*** Begin section ***
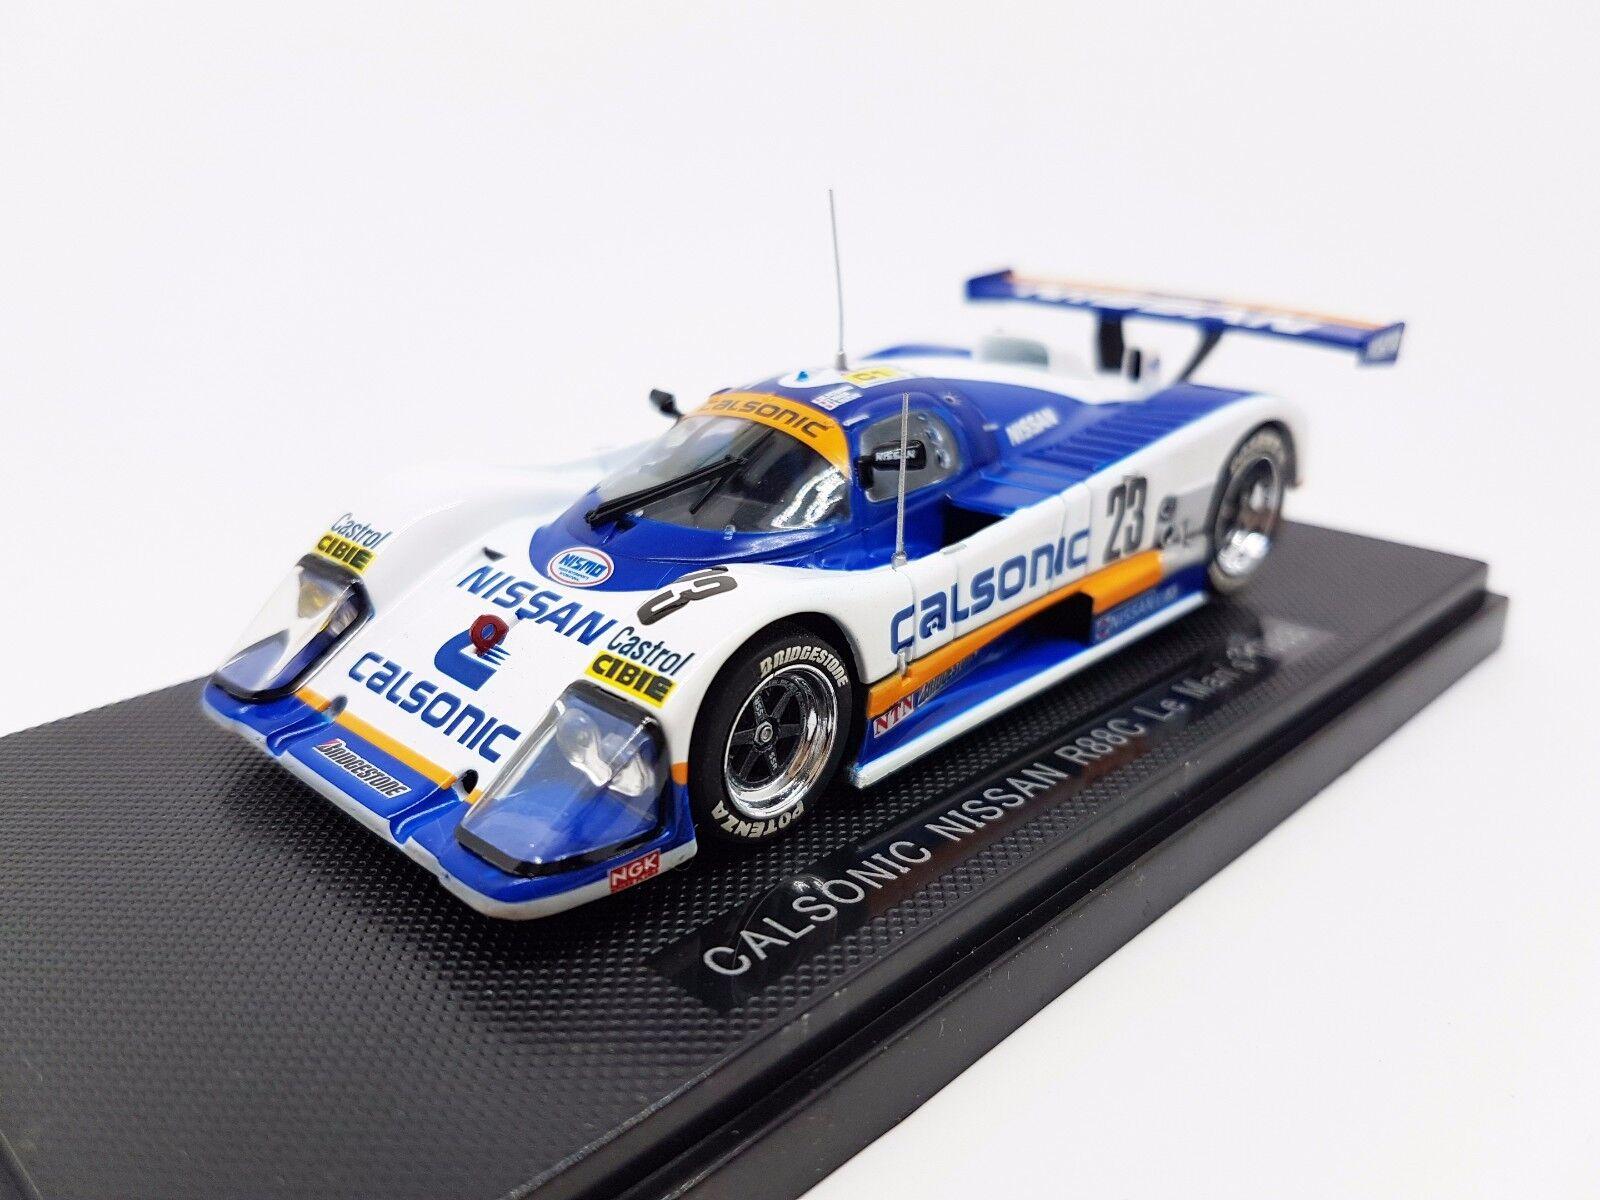 Rare 1 43 Ebbro Calsonic Nissan R88C Le Mans 1988 White bluee 680
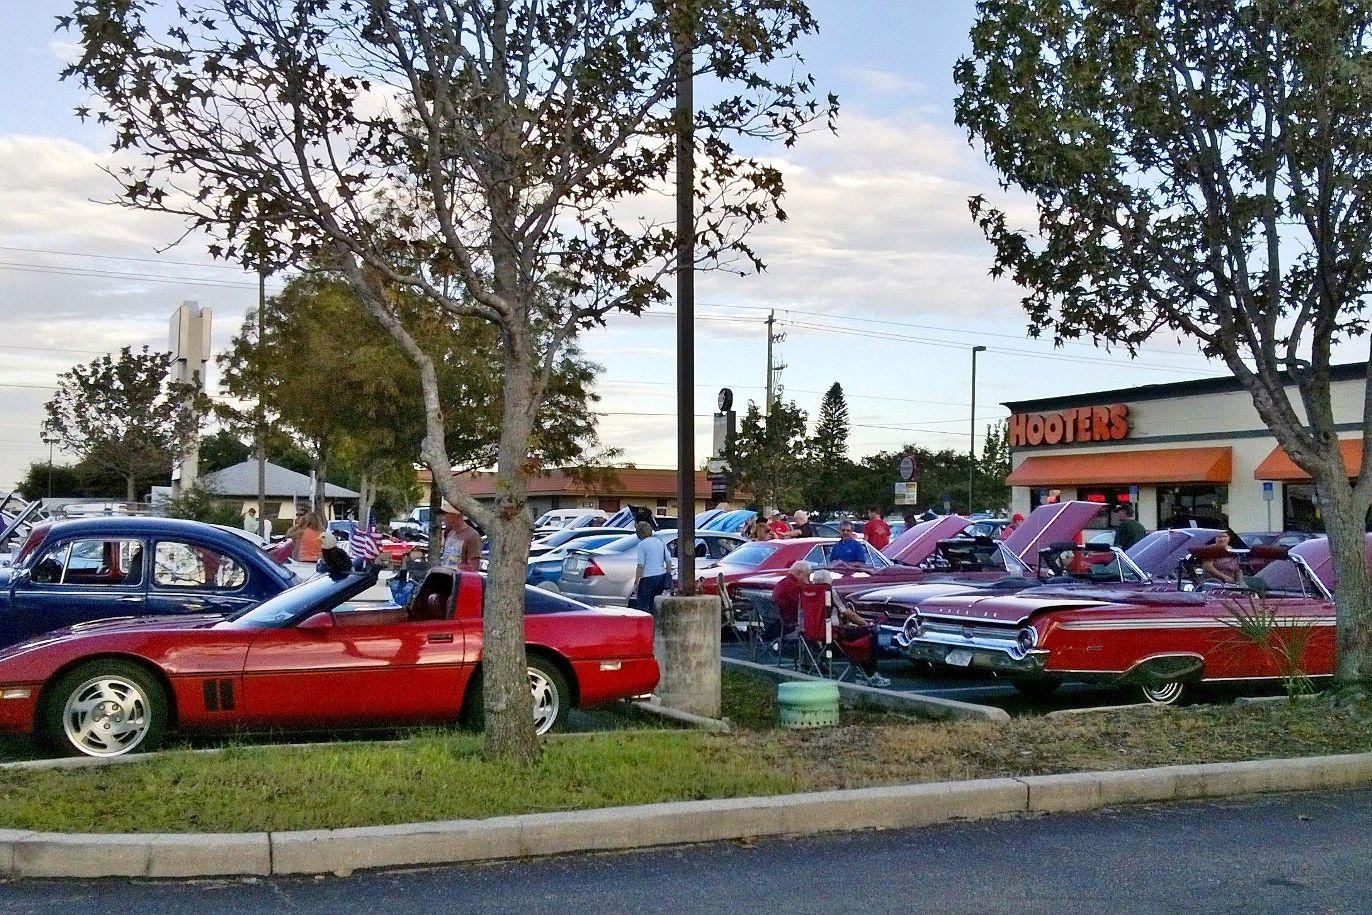 Car Show tonight at Hooters in Bradenton (Plantation, Sarasota ...
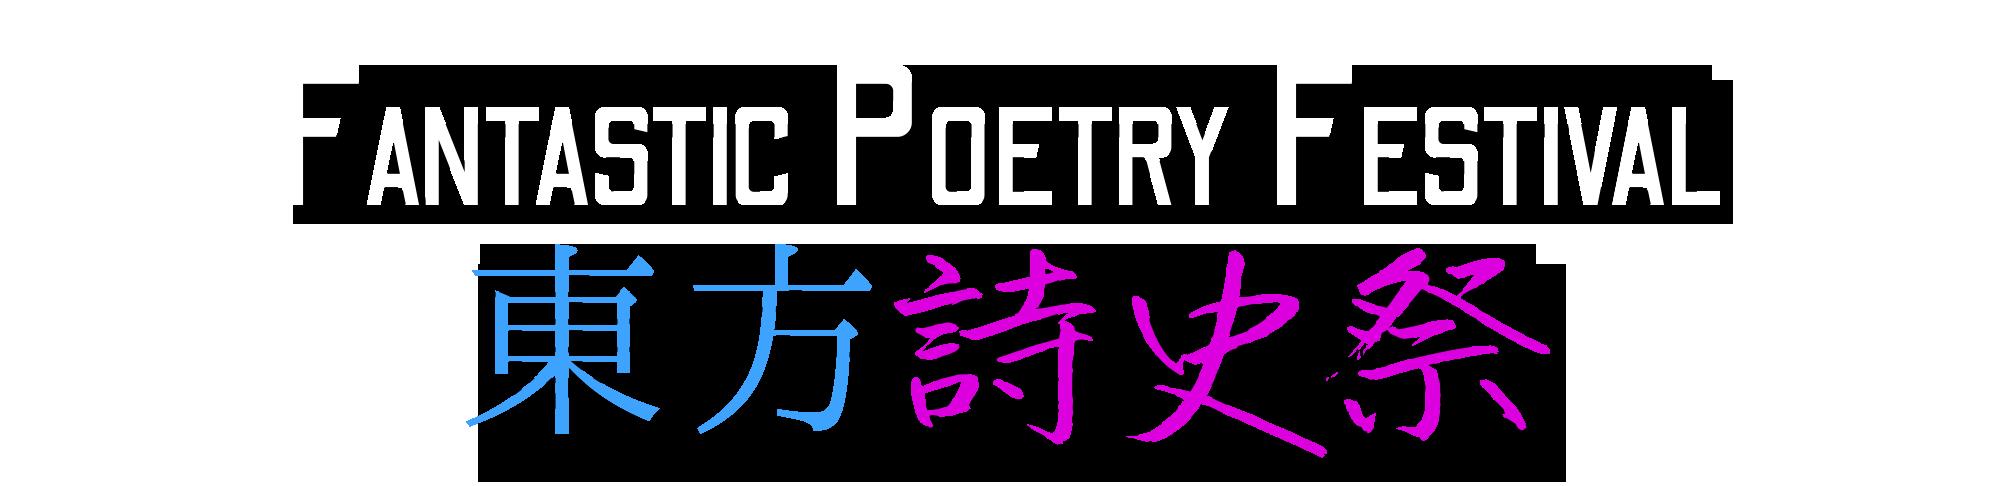 Fantastic Poetry Festival
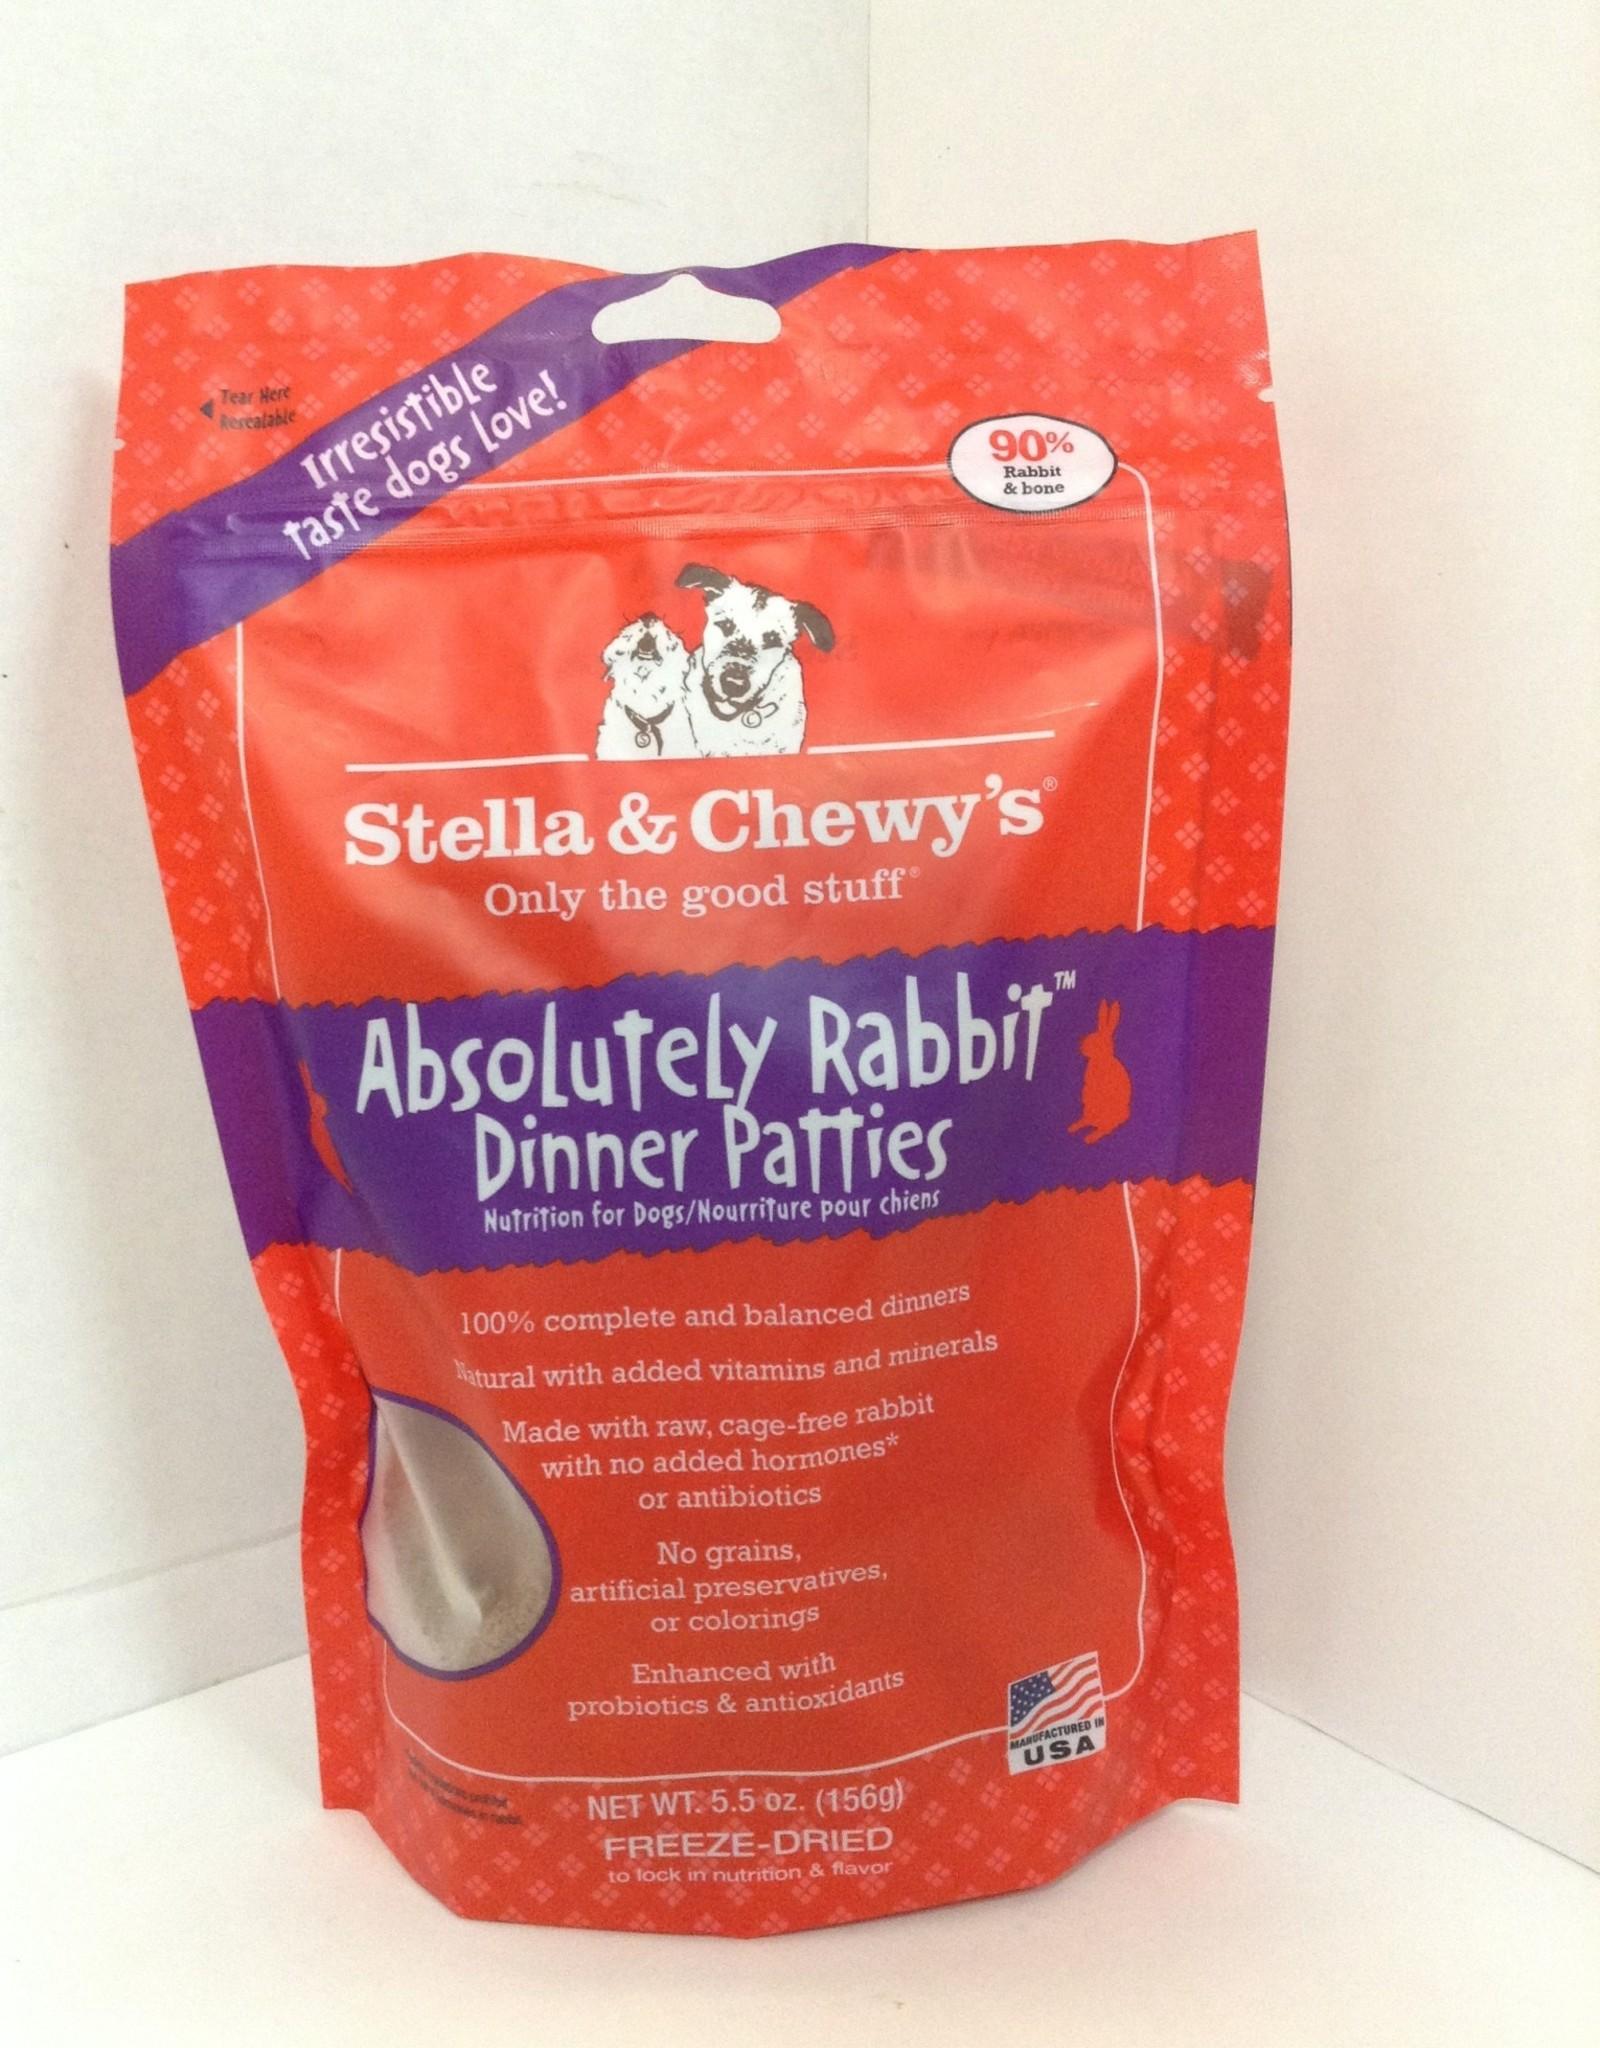 STELLA & CHEWY'S LLC ABSOLUTELY RABBIT FREEZE DRIED PATTIES DOG 5.5OZ STELLA & CHEWY'S
*** End section ***
> _Your task_
Word for word, restate all of the data, but do not copy the pictures.

> _Exercise solution_
 Rare 1 43 Ebbro Calsonic Nissan R88C Le Mans 1988 White bluee 680
 Car Show tonight at Hooters in Bradenton (Plantation, Sarasota ...
 Fantastic Poetry Festival
 STELLA & CHEWY'S LLC ABSOLUTELY RABBIT FREEZE DRIED PATTIES DOG 5.5OZ STELLA & CHEWY'S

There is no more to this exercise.